Comment by 59nadir

6 days ago

Honestly, the one through line that I've seen with regards to the success of AI in programming is that it'll work very well for trivial, mass-produced bullshit and anyone who was already doing that for work will feel like it can do their job (and it probably can) almost entirely.

I don't really doubt that AI can put together your Nth Rails backend that does nothing of note pretty solidly, but I know it can't even write a basic, functioning tokenizer + parser in a very simple, imperative language (Odin) for a Clojure-like language. It couldn't even (when given the source for a tokenizer) write the parser that uses the tokenizer either.
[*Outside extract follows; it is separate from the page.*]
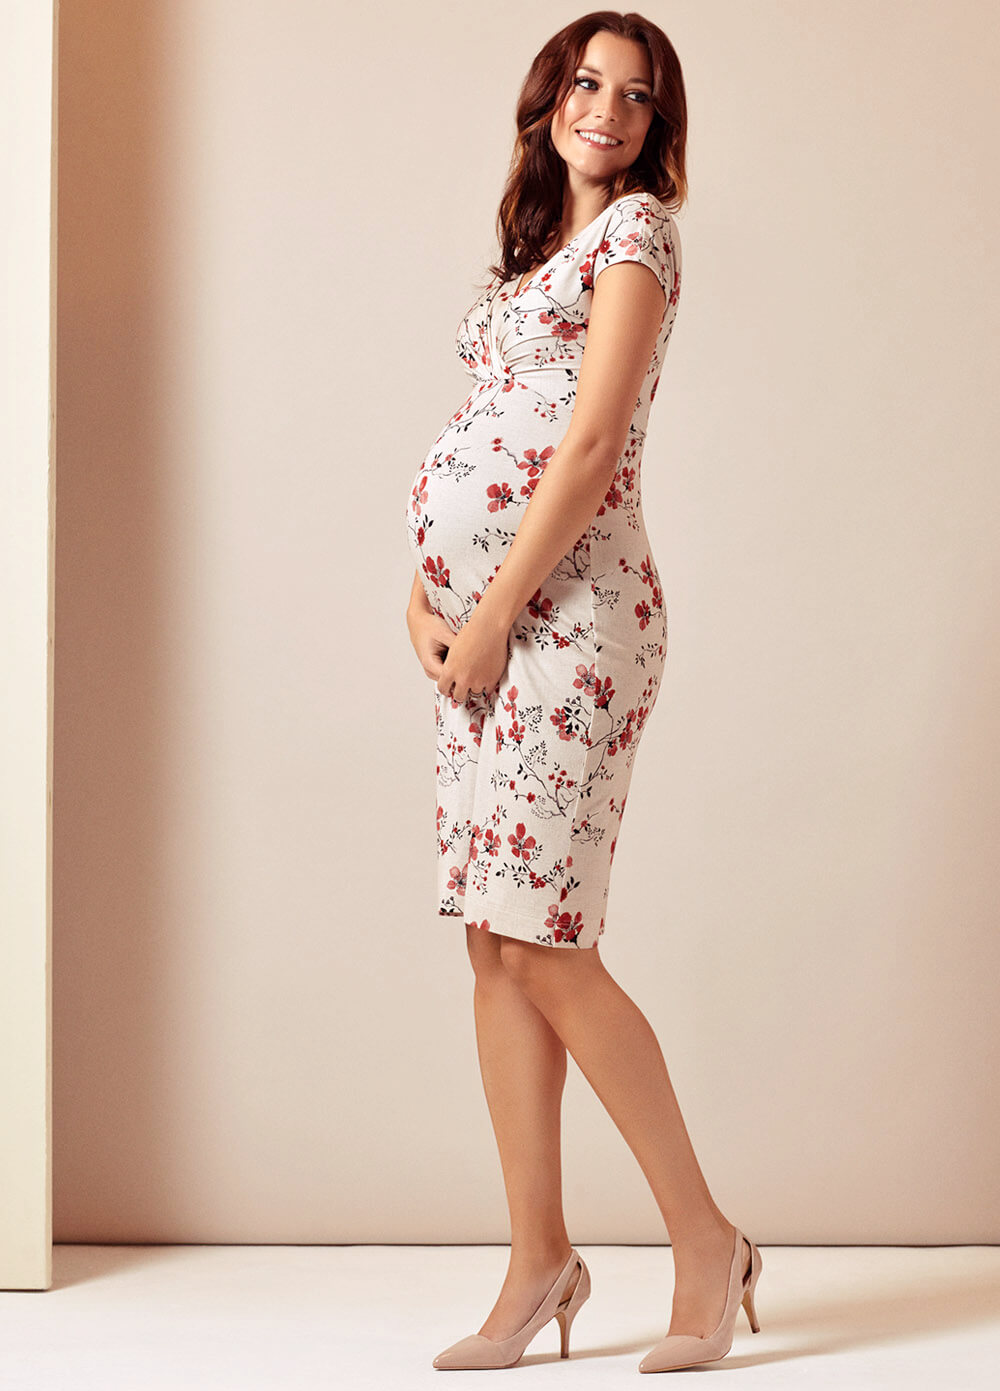 Bardot Maternity Dress in Cherry Blossom Red by Tiffany Rose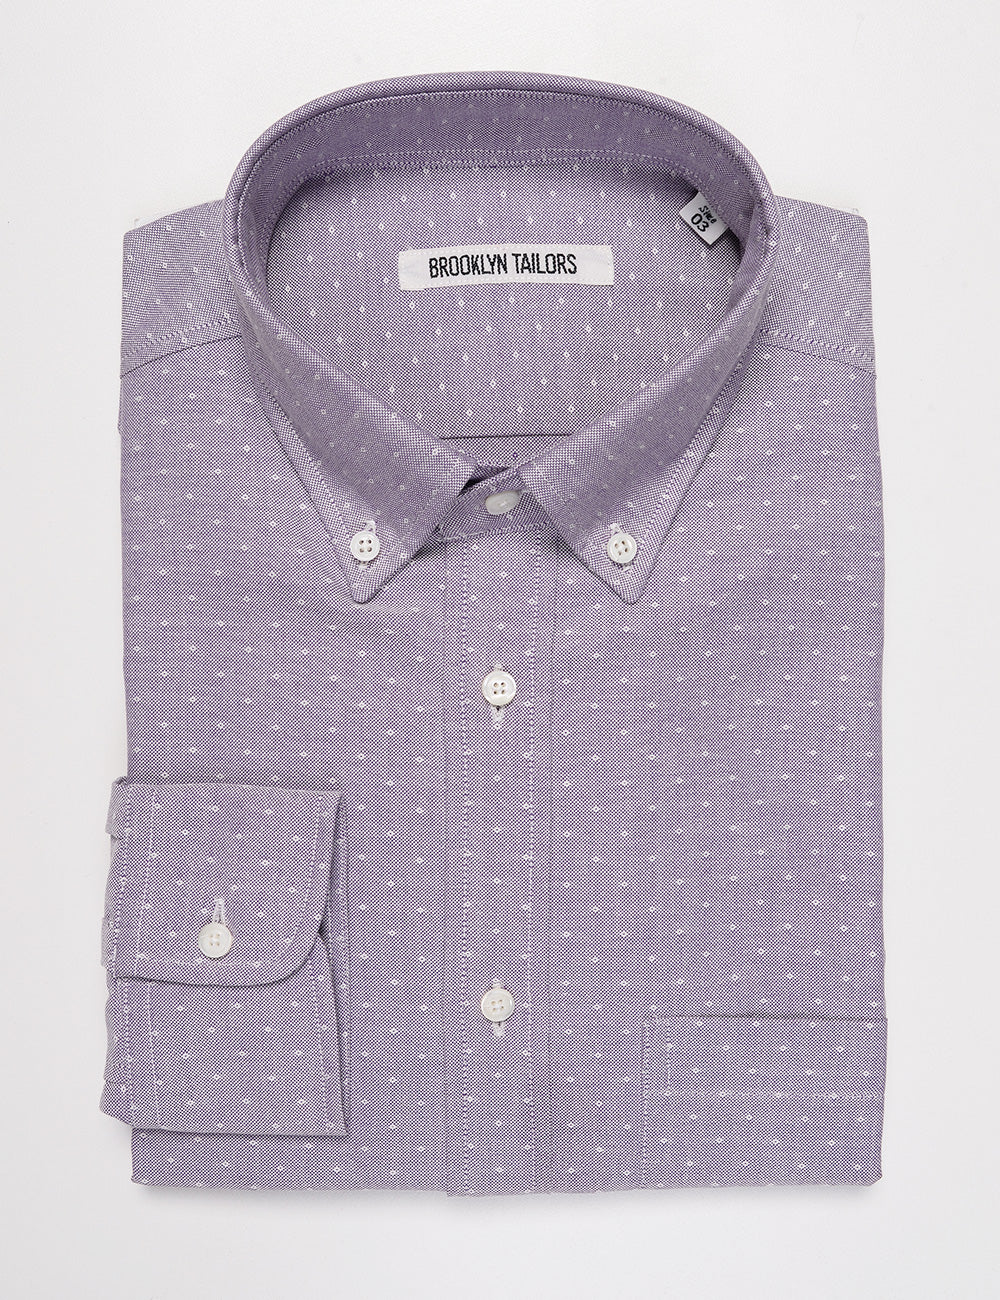 Brooklyn Tailors BKT10 Slim Casual Shirt in Eyelet Oxford - Lavender flat shot folded

These are very basic things that I would expect juniors with some basic guidance to accomplish, but even when using Cursor + Claude Sonnet 3.5 (this was 2-3 months ago, I had seen recommendations about exactly the combinations of tools I was attempting to use, so I don't really buy the argument that somehow it was the choice of tools that was wrong) it fell apart and even started adding functions it already added before. At some point I seeded it with properly written parser functions to give it examples of what it needs to accomplish, but it kept basically failing completely when having access to literally all the code it needed.

I can't even imagine how badly it'd fail to handle the actual complicated parts of my work where you have to think across 3 different context boundaries (simulation -> platform/graphics API -> shader) in order to do things.

> I don't really doubt that AI can put together your Nth Rails backend that does nothing of note pretty solidly

Ha. Funny you should say that....recently I've been using AI to green-field a new Rails project, and my experience with it has been incredibly mixed, to say the least.

The best agents can, more or less, crank out working code after a few iterations, but it's brittle, and riddled with bad decisions. This week I had to go through multiple prompt iterations trying to keep Claude 3.7 from putting tons of redundant logic in a completely unnecessary handler block for ActiveRecord::RecordNotFound exceptions -- literally 80% of the action logic was in the exception handler, for an exception that isn't really exceptional. It was like working with someone who just learned about exceptions, and was hell-bent on using them for everything. If I wasn't paying attention the code may have worked, I suppose, but it would have fallen apart quickly into an incomprehensible mess.

The places where the AI really shines are in boilerplate situations -- it's great for writing an initial test suite, or for just cranking out a half-working feature. It's also useful for rubber ducking, and more than occasionally breaks me out of debugging dead ends, or system misconfiguration issues. That's valuable.

In my more cynical moments, I start to wonder if the people who are most eager to push these things are 0-3 years out of coding bootcamps, and completely overwhelmed by the boilerplate of 10+ years of bad front-end coding practices. For these folks, I can easily see how a coding robot might be a lifeline, and it's probably closer to the sweet spot for the current AI SOTA, where literally everything you could ever want to do has been done and documented somewhere on the web.

  • > The best agents can, more or less, crank out working code after a few iterations, but it's brittle, and riddled with bad decisions.

    You're right, I'm very likely overestimating the output even though I'm on the skeptical end of it.

    > The places where the AI really shines are in boilerplate situations -- it's great for writing an initial test suite

    I definitely do agree with this; and I would add that at that point you can really make do with tab-completion and not a full agent workflow. I used this successfully even back in 2021-2022 with Copilot.

    > In my more cynical moments, I start to wonder if the people who are most eager to push these things are 0-3 years out of coding bootcamps

    I think it's all in all a mix of a lot of factors: I think spending your time mostly on well-trodden ground will definitely give you a sense of GenAI being more useful than if you aren't, and I think most newer programmers spend most of their time on exactly that. They may also be given tasks even at work that are more boilerplatey in nature; they're definitely not making deep design decisions as a rule, or having anything to do with holistic architectural decisions.

    • > I definitely do agree with this; and I would add that at that point you can really make do with tab-completion and not a full agent workflow. I used this successfully even back in 2021-2022 with Copilot.

      Sure. The thing that "agents" add to this -- and I think it's actually really valuable -- is the ability to run their own output and fix the bugs.

      Yesterday I pointed an agent at a controller, asked it to write a test suite (with some core requirements of what exactly to test), and then I reviewed the content of the tests for sanity. Then I pointed another agent at the output of that code, and told it to run the tests and fix the bugs.

      It got stuck once or twice, requiring me to say "don't do that" and/or change a few lines of code, but overall I had a much more comprehensive test suite than I ever would have written, in about 15 minutes of drinking coffee.